Un altro punto cui abbiamo dedicato molto energie è quello dei “Centri diurni” per
portatori di demenze o altre patologie croniche invalidanti, pensati nella duplice
funzione di centri di animazione e cura, vorrei dire di riqualificazione urbana ma
anche sociale, con una funzione già “riparativa” e già di ospitalità per queste persone.
Queste strutture sono anche di sostegno alle famiglie ed ai caregiver, che potrebbero
ricevere il sollievo di 8 ore quotidiane durante le quali i loro cari sono assistiti e si
apre un sereno spazio di libertà per le altre incombenze.

La proposta infine impegna tutto il sistema sociosanitario in uno sforzo di


trasparenza e di lotta all’abusivismo, perché non siano più tollerate le situazioni di
vero e proprio sfruttamento degli anziani in case “abusive” (talora veri e propri lager)
senza regole di accreditamento, senza trasparenza e senza controlli. Non vogliamo
dimenticare gli orrori visti durante la pandemia ed anzi vogliamo farne occasione di
cambiamento profondo e di slancio verso un sistema di cure centrato sulla
abitazione.

La Carta disegna quel maturo senso civile dei diritti e dei doveri che una società ed
una democrazia “alta” devono saper offrire ai loro cittadini anziani. Non è una
proposta utopica. Partire dai più fragili, metterli al centro dell’attenzione, favorirà
uno sviluppo inclusivo e diffuso: gli anziani sono anche un crocevia di economie -
quella digitale, quella dei servizi, quella verde e quella dei consumi.
Carta per i diritti delle
persone anziane e i doveri
della comunità

Preambolo
La Costituzione italiana non contempla una tutela specifica dei diritti delle persone
anziane. La sua stesura in anni in cui le problematiche della Terza Età erano meno
rilevanti nel dibattito pubblico odierno hanno contribuito a far sì che non vi fosse sul
tema alcun preciso riferimento nella Carta costituzionale, che si è limitata a
prevedere misure assistenziali in caso di vecchiaia. Anche per questo in anni più
recenti e in diversi modi si è pensato di ovviare a questa mancanza, ad esempio
introducendo all’art. 3 tra i fattori di non discriminazione l’età.

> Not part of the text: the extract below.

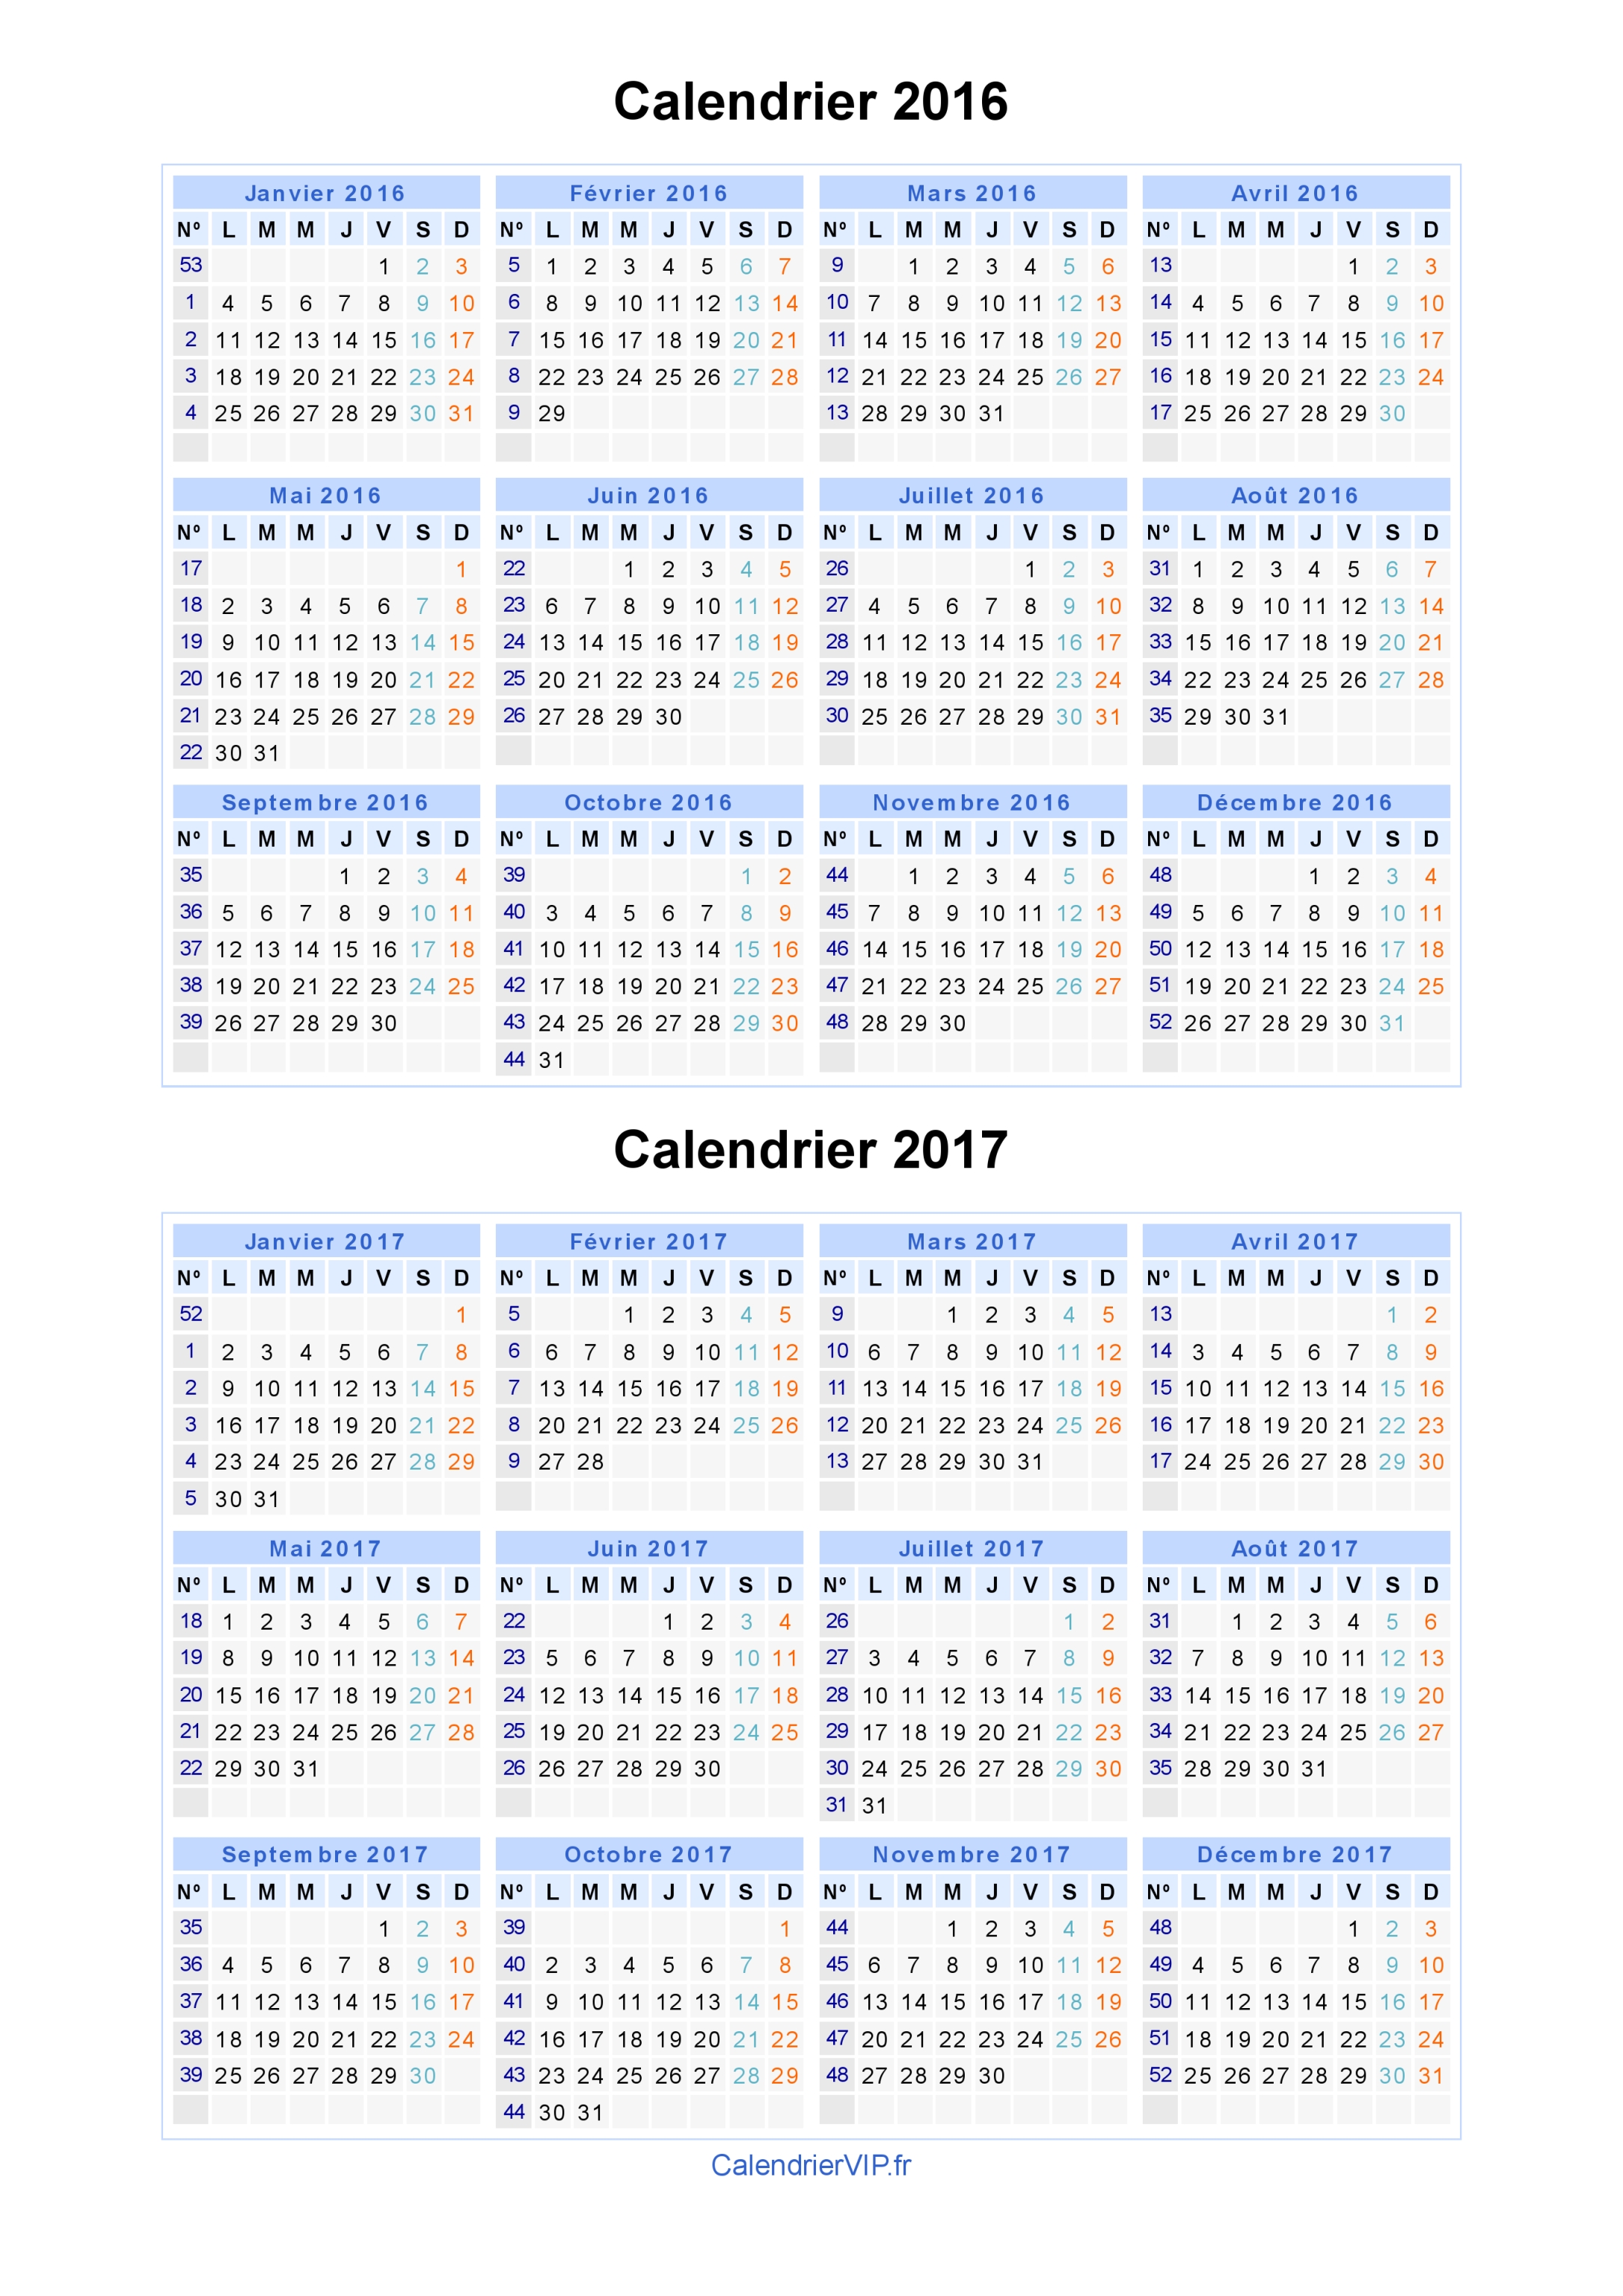 Exemple calendrier 2016

Diverso è stato invece l’atteggiamento delle istituzioni dell’Unione Europea. La Carta


dei diritti fondamentali, siglata nel 2000, ha dedicato un articolo specifico ai diritti
delle persone anziane, l’art. 25 per il quale “L’Unione riconosce e rispetta il diritto
delle persone anziane di condurre una vita dignitosa e indipendente e di partecipare
alla vita sociale e culturale”. Si tratta di un’efficace base normativa da cui muovere
per una riflessione approfondita ed una proposta innovativa che rispondano ai
crescenti e non rinviabili bisogni espressi dalle persone anziane.

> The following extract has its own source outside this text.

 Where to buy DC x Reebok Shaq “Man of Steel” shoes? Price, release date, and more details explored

Va detto del resto che l’assenza esplicita del tema nella nostra Costituzione non
impedisce di rinvenire in essa sicure fondamenta alle quali ancorare la definizione
dei diritti delle persone anziane, innanzitutto partendo dai principi di solidarietà e di
uguaglianza. La persona anziana fa naturalmente parte delle formazioni sociali e
nelle relazioni con i componenti di tali formazioni ai diritti delle persone anziane
corrispondono i “doveri inderogabili di solidarietà politica, economica e sociale”
sanciti dall’art. 2 e il compito imposto dall’art. 3 alla Repubblica “di rimuovere gli
ostacoli di ordine economico e sociale, che, limitando di fatto la libertà e
l’eguaglianza dei cittadini, impediscono il pieno sviluppo della persona umana e
l’effettiva partecipazione di tutti i lavoratori all’organizzazione politica, economica e
sociale del Paese”.

Pertanto, la Costituzione, ancorché non parli espressamente delle persone anziane,


esige tuttavia che sia assicurata un’adeguata promozione e protezione ai loro diritti e
l’adempimento dei doveri nei loro confronti.

Valore della Carta


La Carta per i diritti delle persone anziane e i doveri della comunità, frutto del lavoro
della Commissione per la riforma della assistenza sanitaria e sociosanitaria della
popolazione anziana istituita presso il Ministero della salute, rispetto ad una mera
enunciazione astratta dei diritti delle persone anziane e dei doveri della comunità
intende compiere un passo ulteriore in un duplice senso: se da un lato si pone lo
scopo di incidere nell’ordinamento prospettando al legislatore principi fondamentali
e diritti che possono trovare un riconoscimento formale in specifici atti normativi,
dall’altro offre indicazioni operative ed organizzative ad istituzioni ed operatori
chiamati a prendersi cura delle persone anziane.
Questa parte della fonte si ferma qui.